001 /**
002 * Licensed to the Apache Software Foundation (ASF) under one
003 * or more contributor license agreements. See the NOTICE file
004 * distributed with this work for additional information
005 * regarding copyright ownership. The ASF licenses this file
006 * to you under the Apache License, Version 2.0 (the
007 * "License"); you may not use this file except in compliance
008 * with the License. You may obtain a copy of the License at
009 *
010 * http://www.apache.org/licenses/LICENSE-2.0
011 *
012 * Unless required by applicable law or agreed to in writing, software
013 * distributed under the License is distributed on an "AS IS" BASIS,
014 * WITHOUT WARRANTIES OR CONDITIONS OF ANY KIND, either express or implied.

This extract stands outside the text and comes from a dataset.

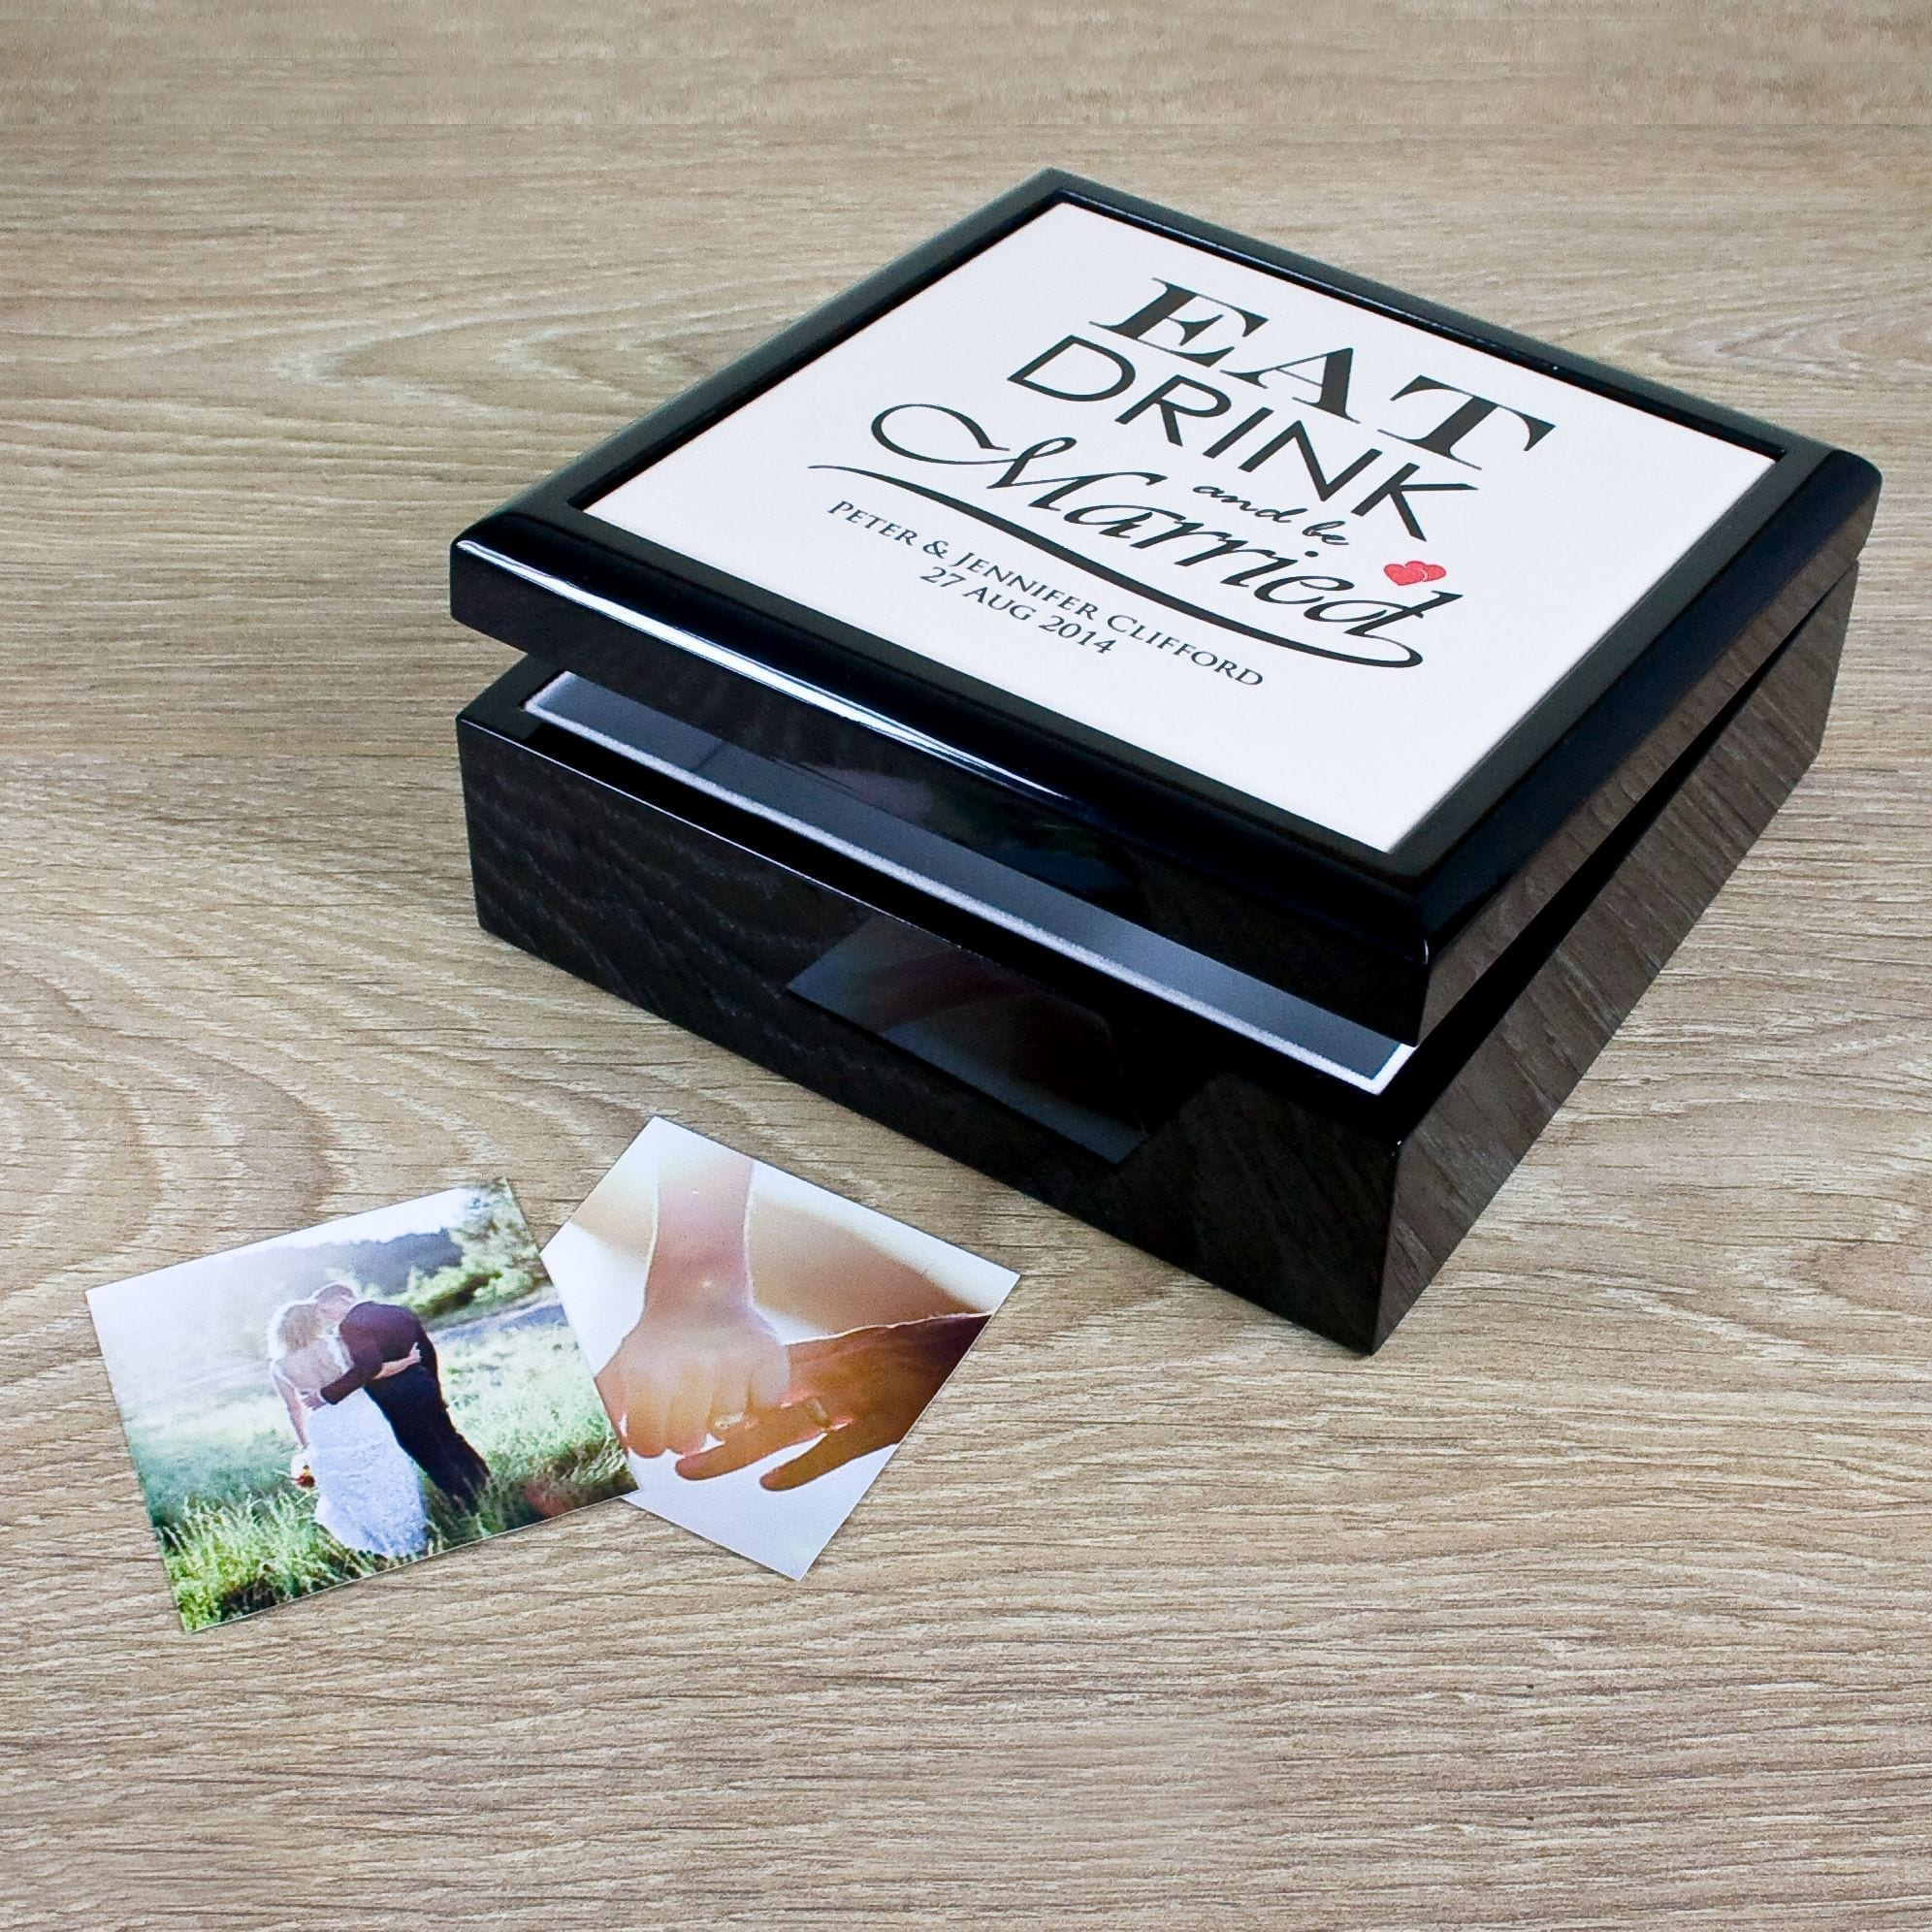 eat-drink-and-be-married-couple-keepsake-box-7818-p.jpg

015 * See the License for the specific language governing permissions and
016 * limitations under the License.
017 */
018
019 package org.apache.hadoop.fs;
020
021 import java.io.*;
022 import java.util.Arrays;
023
024 import org.apache.commons.logging.Log;
025 import org.apache.commons.logging.LogFactory;
026 import org.apache.hadoop.classification.InterfaceAudience;
027 import org.apache.hadoop.classification.InterfaceStability;
028 import org.apache.hadoop.conf.Configuration;
029 import org.apache.hadoop.fs.permission.FsPermission;
030 import org.apache.hadoop.util.Progressable;
031 import org.apache.hadoop.util.PureJavaCrc32;
032
033 /****************************************************************
034 * Abstract Checksumed FileSystem.
035 * It provide a basice implementation of a Checksumed FileSystem,
036 * which creates a checksum file for each raw file.

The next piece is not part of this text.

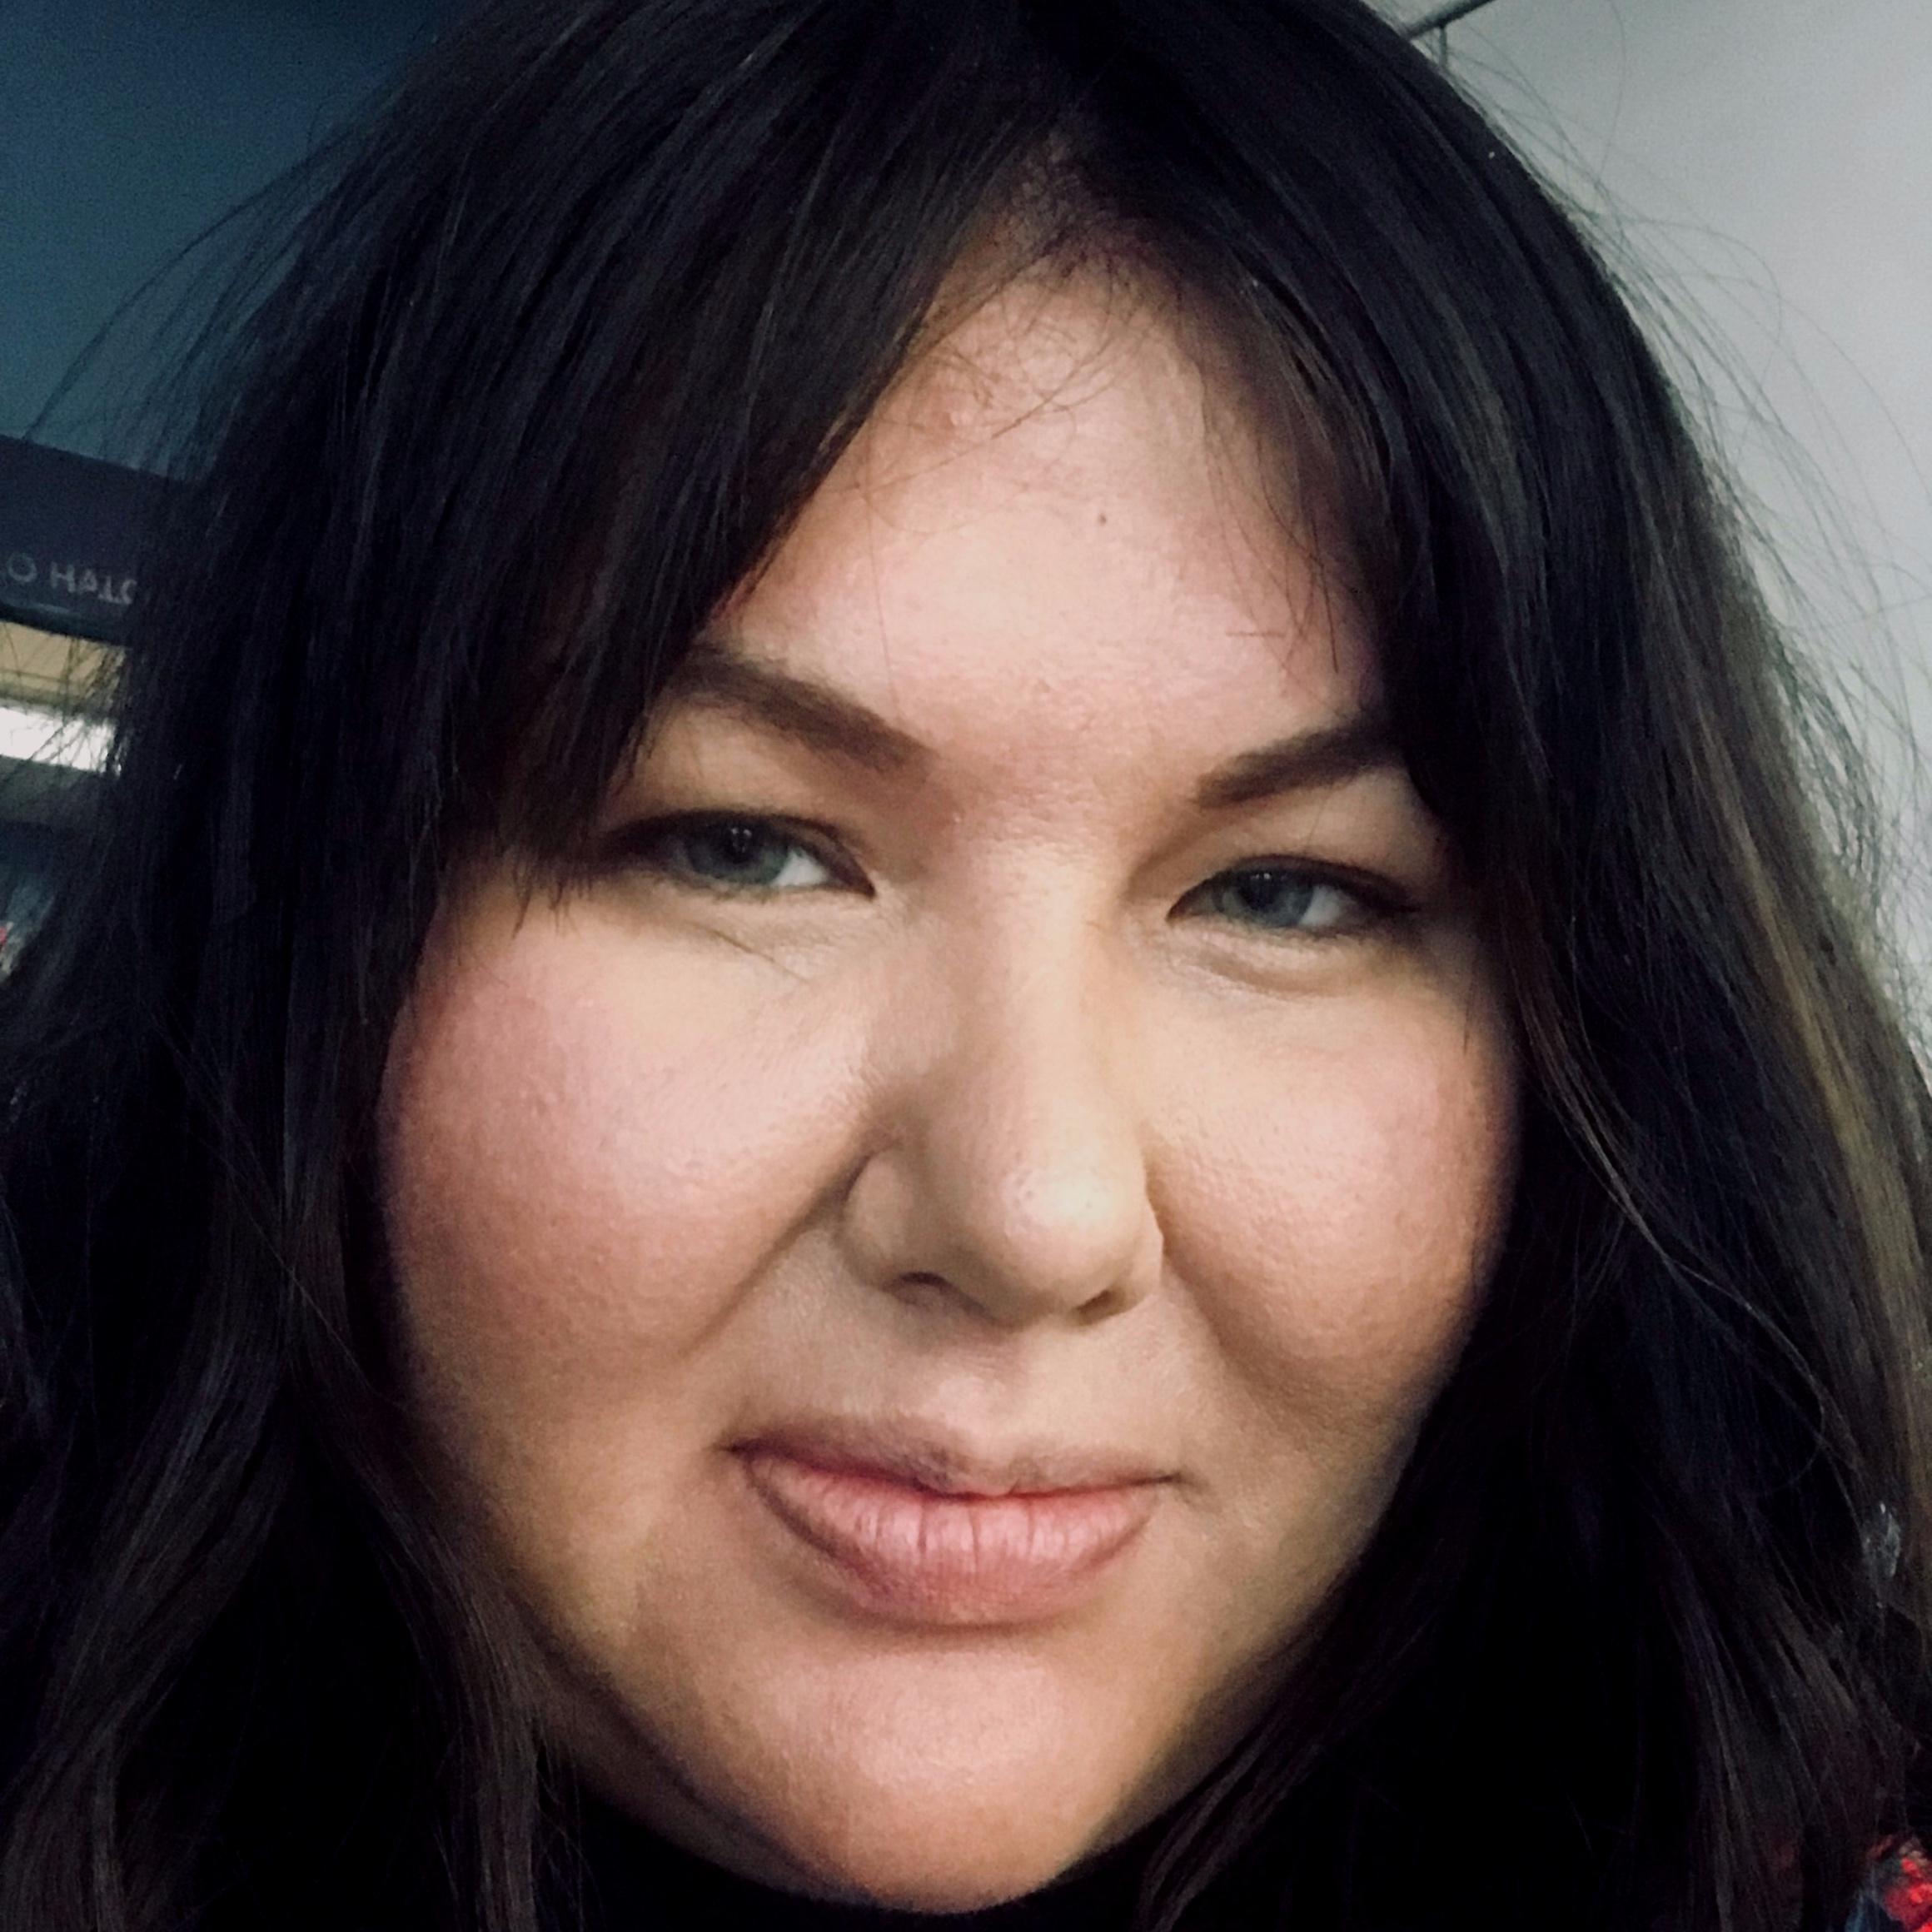 Michelle O'Grady - Entrepreneur + Creative StrategistTeam Friday

037 * It generates & verifies checksums at the client side.
038 *
039 *****************************************************************/
040 @InterfaceAudience.Public
041 @InterfaceStability.Stable
042 public abstract class ChecksumFileSystem extends FilterFileSystem {
043 private static final byte[] CHECKSUM_VERSION = new byte[] {'c', 'r', 'c', 0};
044 private int bytesPerChecksum = 512;
045 private boolean verifyChecksum = true;
046 private boolean writeChecksum = true;
047
048 public static double getApproxChkSumLength(long size) {
049 return ChecksumFSOutputSummer.CHKSUM_AS_FRACTION * size;
050 }
051
052 public ChecksumFileSystem(FileSystem fs) {
053 super(fs);
054 }
055
056 @Override
057 public void setConf(Configuration conf) {
058 super.setConf(conf);
059 if (conf != null) {
060 bytesPerChecksum = conf.getInt(LocalFileSystemConfigKeys.LOCAL_FS_BYTES_PER_CHECKSUM_KEY,
061 LocalFileSystemConfigKeys.LOCAL_FS_BYTES_PER_CHECKSUM_DEFAULT);
062 }
063 }
064
065 /**
066 * Set whether to verify checksum.
067 */
068 @Override
069 public void setVerifyChecksum(boolean verifyChecksum) {
070 this.verifyChecksum = verifyChecksum;
071 }
072
073 @Override
074 public void setWriteChecksum(boolean writeChecksum) {
075 this.writeChecksum = writeChecksum;
076 }
077
078 /** get the raw file system */
079 @Override
080 public FileSystem getRawFileSystem() {
081 return fs;
082 }
083
084 /** Return the name of the checksum file associated with a file.*/
085 public Path getChecksumFile(Path file) {
086 return new Path(file.getParent(), "." + file.getName() + ".crc");
087 }
088
089 /** Return true iff file is a checksum file name.*/
090 public static boolean isChecksumFile(Path file) {
091 String name = file.getName();
092 return name.startsWith(".") && name.endsWith(".crc");
093 }
094
095 /** Return the length of the checksum file given the size of the
096 * actual file.
097 **/
098 public long getChecksumFileLength(Path file, long fileSize) {
099 return getChecksumLength(fileSize, getBytesPerSum());
100 }
101
102 /** Return the bytes Per Checksum */
103 public int getBytesPerSum() {
104 return bytesPerChecksum;
105 }
106
107 private int getSumBufferSize(int bytesPerSum, int bufferSize) {
108 int defaultBufferSize = getConf().getInt(
109 LocalFileSystemConfigKeys.LOCAL_FS_STREAM_BUFFER_SIZE_KEY,
110 LocalFileSystemConfigKeys.LOCAL_FS_STREAM_BUFFER_SIZE_DEFAULT);
111 int proportionalBufferSize = bufferSize / bytesPerSum;
112 return Math.max(bytesPerSum,
113 Math.max(proportionalBufferSize, defaultBufferSize));
114 }
115
116 /*******************************************************
117 * For open()'s FSInputStream
118 * It verifies that data matches checksums.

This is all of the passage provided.